Chrysemys picta marginata nests in the spring. They showed greater freezing tolerance, with survival rate of eleven days at -2.5’C and a higher ice content of 50.2 +/- 1.2%. It also showed higher super cooling points of 1.07 +/- 0.13’C and dropped within three days to -4.83 +/- 0.83’C. This suggests that the icenucleating agents break down when hibernation ended. The large free amino acid, taurine, had made up 21 – 47% total of the liquids in the organs (Churchill 530).
The key to the reptiles ability to resist freezing relies on their ability to tolerate and avoid super cooling. Turtles utilize two strategies to avoid and tolerate freezing: one is the moister content of hibernaculum. The second is the accumulation of low molecular weight substance which parallels depression of haemolymoph melting points down to -6.5’C. Super cooling point was lowered to -30’C in the winter and enhanced super cooling below -20’C and was closely correlated to depression of haemolmoph melting points. Thermal hysteresis-producing antifreeze proteins were not present (Gehrken 683).
When the turtles were cooled, their muscles had frozen. The muscle tensions and contraction times were strongly temperature dependent during cooling. The leg muscle continued to function for several minutes after ice formation, but they ceased to respond at an average temperatures of -0.6’C. The temperature recovery of seven turtles was slowed and noted as temperatures ranging from 1.9 to 17.4’C (Claussen 91).
In the second study, their heart beats were timed during cooling. The cardiac tensions and contraction times were also temperature dependent. The contractions continued for several more minutes after the onset of ice formation and eventually ceased at -0.62’C. The heartbeat recovery was quick and occurred at an average temperature of -0.4’C. The tensions during warming were higher than the corresponding tensions during cooling (Claussen 91).
The relationship between freeze tolerance and body size revolved around the kinetics of cooling and freezing.
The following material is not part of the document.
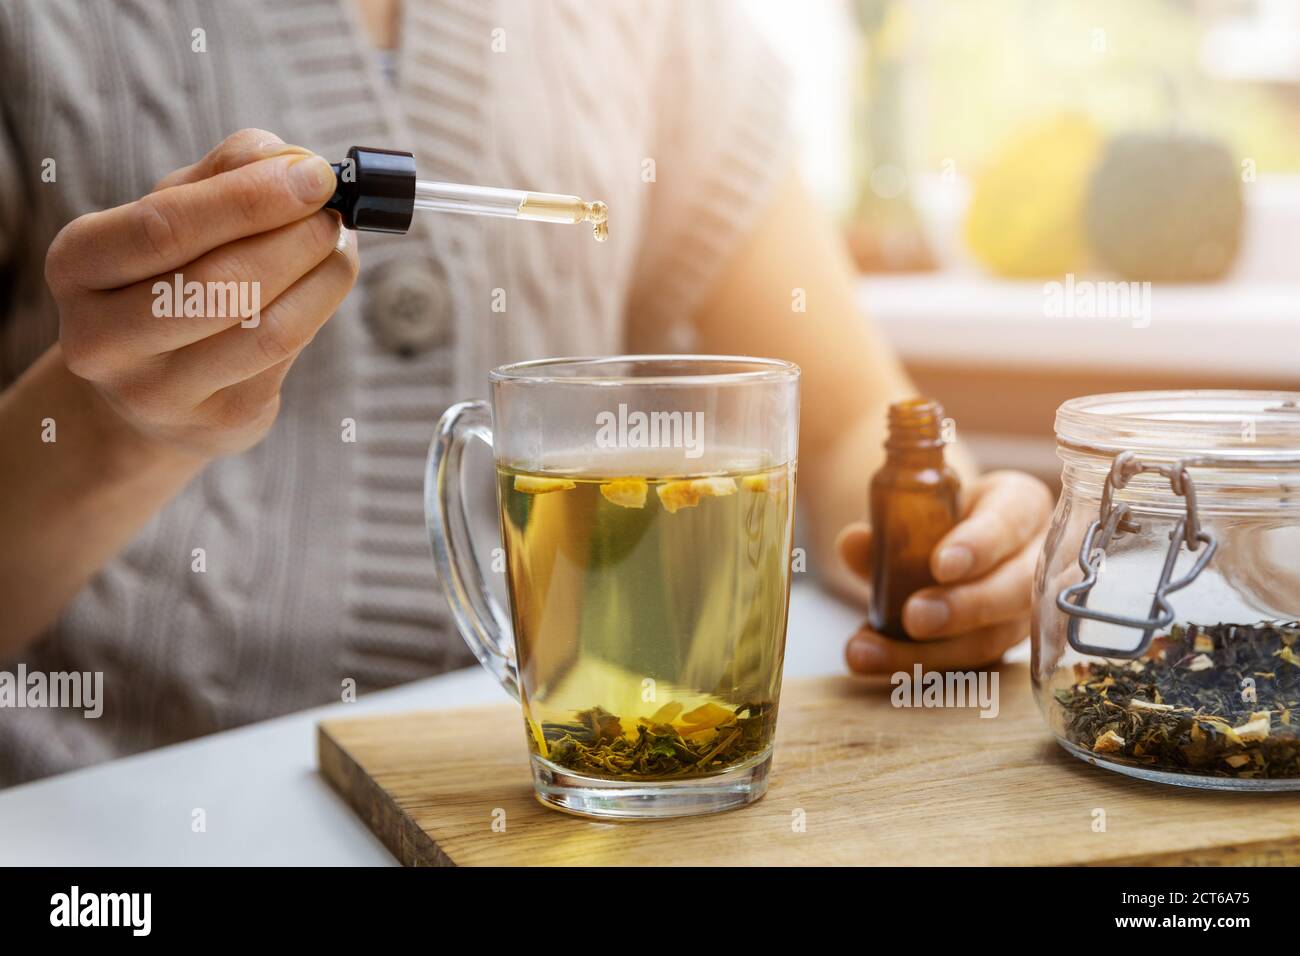 suplementos dietéticos y vitaminas - mujer agregando gota de aceite cbd en taza de té con pipeta Foto de stock

The two turtles that had experienced ice contents of approximately 35%, exhibited long-term survival, but rapid thawing may have contributed and the water content that was inversely related to the body mass and pre and post cooling rates scaled with body mass to -0.55 and -.40 power (Claussen 91).
During this study, twenty-three turtles had died at temperatures of -7.7 and -10.8’C. Four out of the twenty-three had died after producing exotherms at temperatures of -11.5 and -12.7’C. The remaining turtles had died at temperatures above -11’C, apparently they had succumbed to freezing when ice propagated across their integument from the frozen soil, but had died from another cause (Packard 147).
Freezing point depression is the process in which a difference in temperature between the freezing points of a solution and of the pure solvent. When 1000 grams of water is frozen, its freezing point depression is 1.86’C.
Ice is lowered below its normal temperature when salt is added to it. This lowered the temperature well below 0.0’C, the freezing point of water (Addison-Wesley pg. 384).
Claussen, DL. Allometry of Cooling, Super Cool, and Freezing in the Freeze-tolerant Turtle Chrysemys Picta.. American Journal of Physiology. V261, 1991, pr626-pr632.
Churchill, TA. Natural Mechanisms of Vertebrate Ectotherms at Subfreezing Temperatures- Applications in Cryomedicine. Faseb Journal. V9, 1995, pr351-pr358.
Packard, GC. Journal of Comparative Physiology b- Biochemical Systemic and Environmental Physiology. V163, 1993, p147-152.
Storey, Janet, M.. Out Cold. The Winter Life of Painted Turtles. pg. 23-25.
Wilbraham, Antony C.. Chemistry. Addison-Wesley Publishing Company, inc. 1987, p384.
Y., Kim. The Effects of Cooling, Freezing, and Thawing on Cardiac and Skeletal- Muscle of the Turtle, Chrysemys-picta. V18, 1993, p91-101.